Первых (чаще всего – нерожденных младенцев с синдромом Дауна) истребляют целенаправленно. Их матерям настойчиво рекомендуют произвести аборт, так как ряд организаторов здравоохранения и политиков считают, что в «социальном государстве», каковым по Конституции является Россия, допустимо тратить деньги налогоплательщиков на массовое производство абортов (убийство нерожденных детей), но расходование средств на оказание помощи инвалидам – это якобы «непереносимый социальный груз» [7, 8].

Что касается здоровых нерожденных младенцев, то они гибнут в ходе мероприятий ПД «случайно» - от осложнений инвазивной ПД (выкидышей) и диагностических ошибок, из-за которых на аборт «по медицинским показаниям» склоняют здоровых женщин, на самом деле вынашивающих нормально развивающегося ребенка.

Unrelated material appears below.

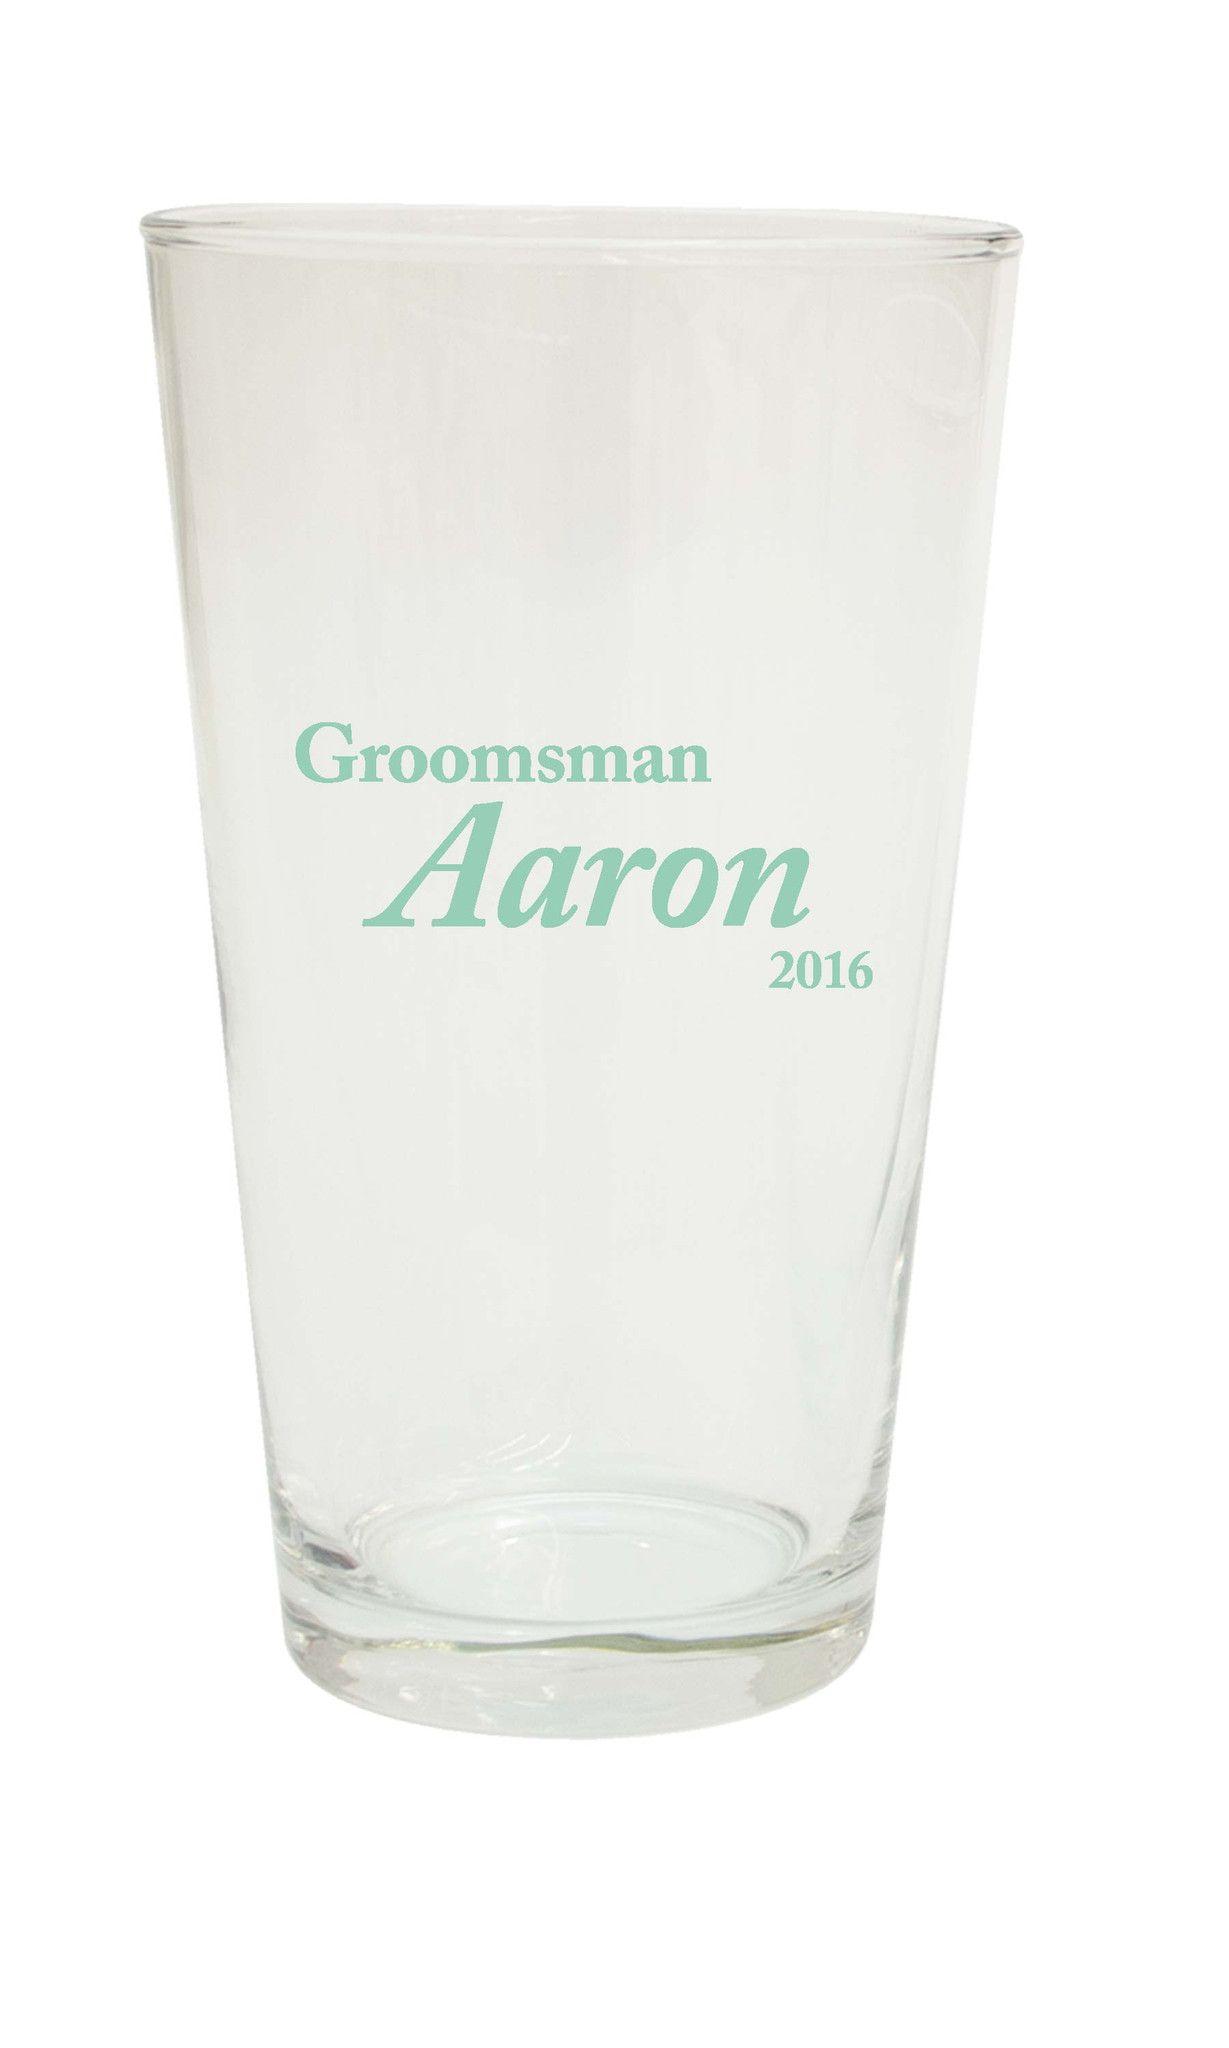 Groomsman Pint, wedding gifts, personalized wedding gifts, groomsman gifts, personalized wedding glass, wedding glass,

Причём статистика, связанная с ПД, в целом является абсолютно непрозрачной для общества (как будто речь идет о глубокой военной тайне). В частности, невозможно узнать точные данные о количестве ложноположительных результатов ПД, в результате которых абортируют здоровых младенцев.

Поэтому придется прибегнуть к собственным оценкам. Процент выявления синдрома Дауна у женщин из «группы риска» (которым, по результатам пренатального скрининга, настоятельно рекомендуют инвазивную ПД) в среднем достигает 2 – 5% [9, 10]. Причём даже на этой («уточняющей») стадии ПД точность диагностики составляет не 100%, а всего около 99% [9 - 11], то есть, с вероятностью, как, минимум, 1%, возможна ошибка.

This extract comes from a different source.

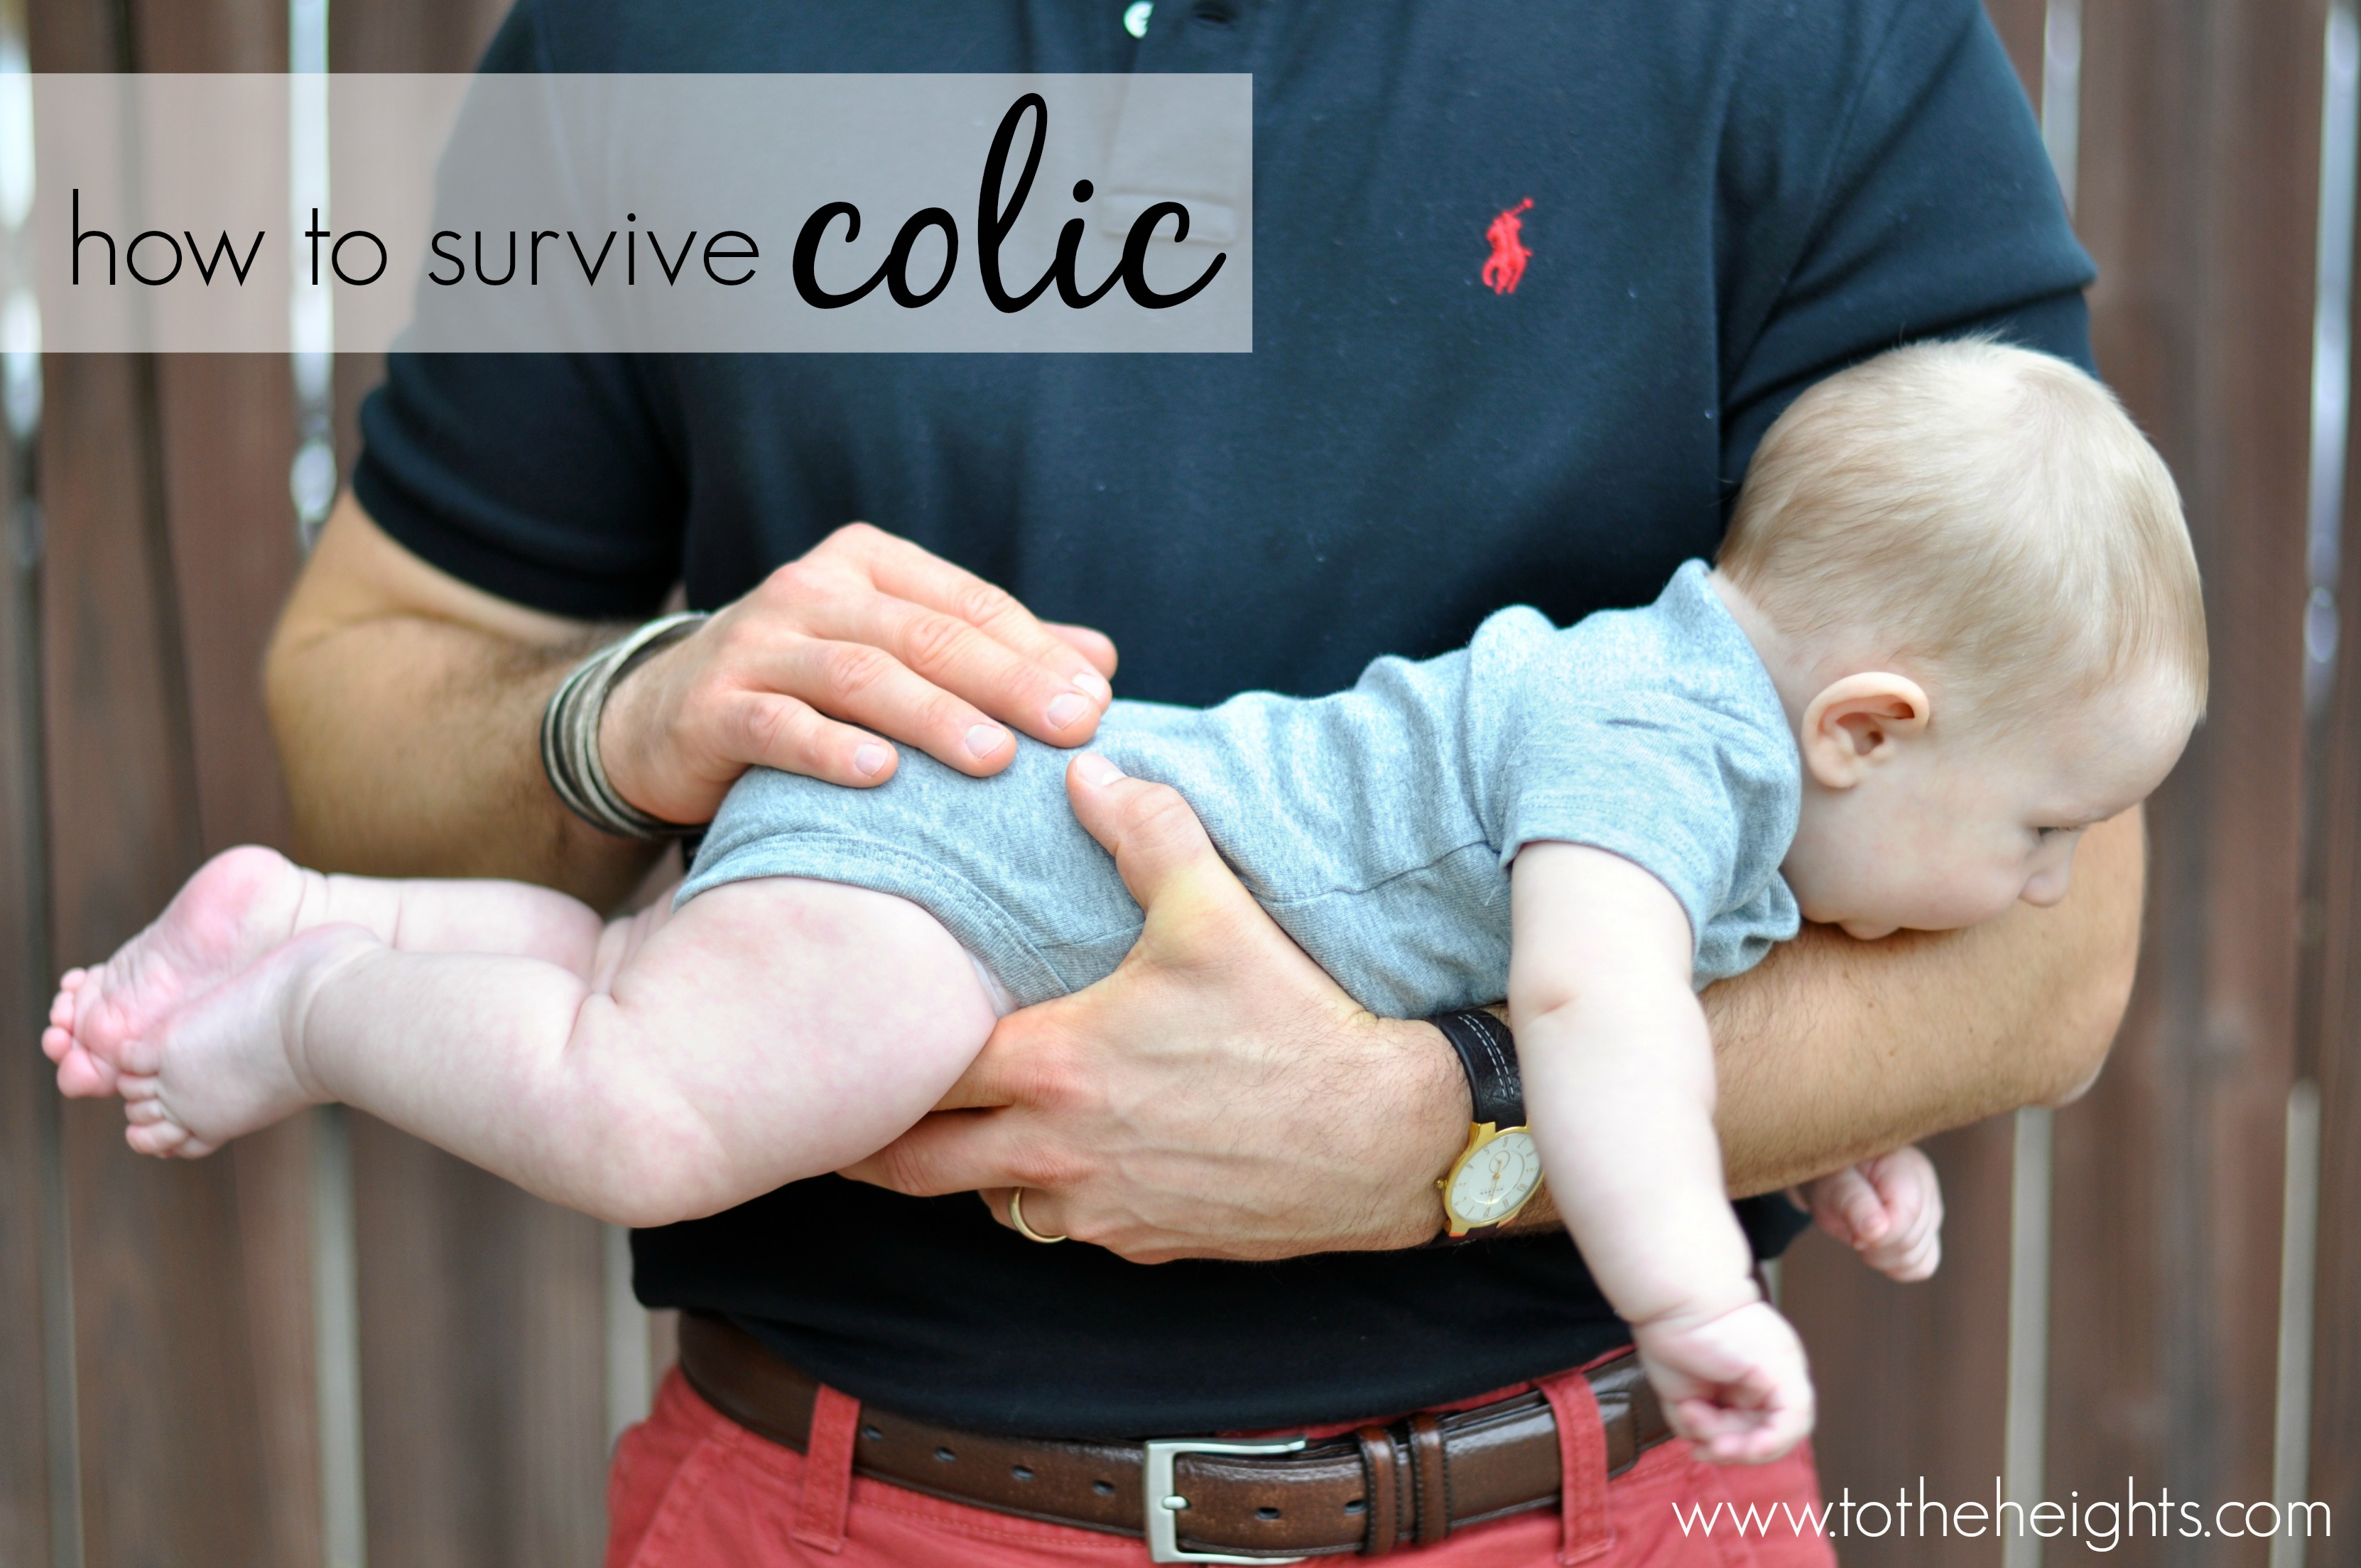 survive-colic

На практике приведенные цифры могут означать следующее: при обследовании с помощью методов инвазивной ПД группы риска, включающей, например, 200 беременных женщин, будут выявлены 4 - 10 нерожденных детей (2 – 5%) с хромосомными болезнями, чаще всего, с синдромом Дауна. В таких случаях врачи, следуя приказам Минздравсоцразвития РФ, в качестве «лечения» настойчиво рекомендуют аборт [7 – 11]. При этом как минимум 2 нерождённых младенца из 200 обследованных (1%) будут объявлены «больными» ошибочно (так называемые «ложноположительные» результаты). На самом деле эти два ребёнка являются здоровыми, хотя их также приговорят к аборту.

Следовательно, нетрудно рассчитать,что в группе женщин, направляемых на аборт по результатам ПД, доля «ошибочно» абортируемых здоровых детей реально может достигать 20 – 30%. Эти младенцы, как следует из заявленного академиком Г.Т Сухих патента № 2160112, представляют особый «интерес» для фетальных «терапевтов».

Очевидно, программы «снижения социального и генетического груза» с помощью евгенических абортов служат одним из факторов, создающих условия для продвижения в России фетальной терапии – изощренной формы людоедства.

И дело уже дошло до того, что «уникальный метод трансплантации фетальных (зародышевых) клеток человека» в настоящее время открыто предлагают в качестве одной из «медицинских услуг» отдыхающим некоторых санаториев. В этом можно убедиться, ознакомившись, например, с информационными материалами, размещенными на рекламных сайтах санатория «Родник» (город Пятигорск) [12, 13].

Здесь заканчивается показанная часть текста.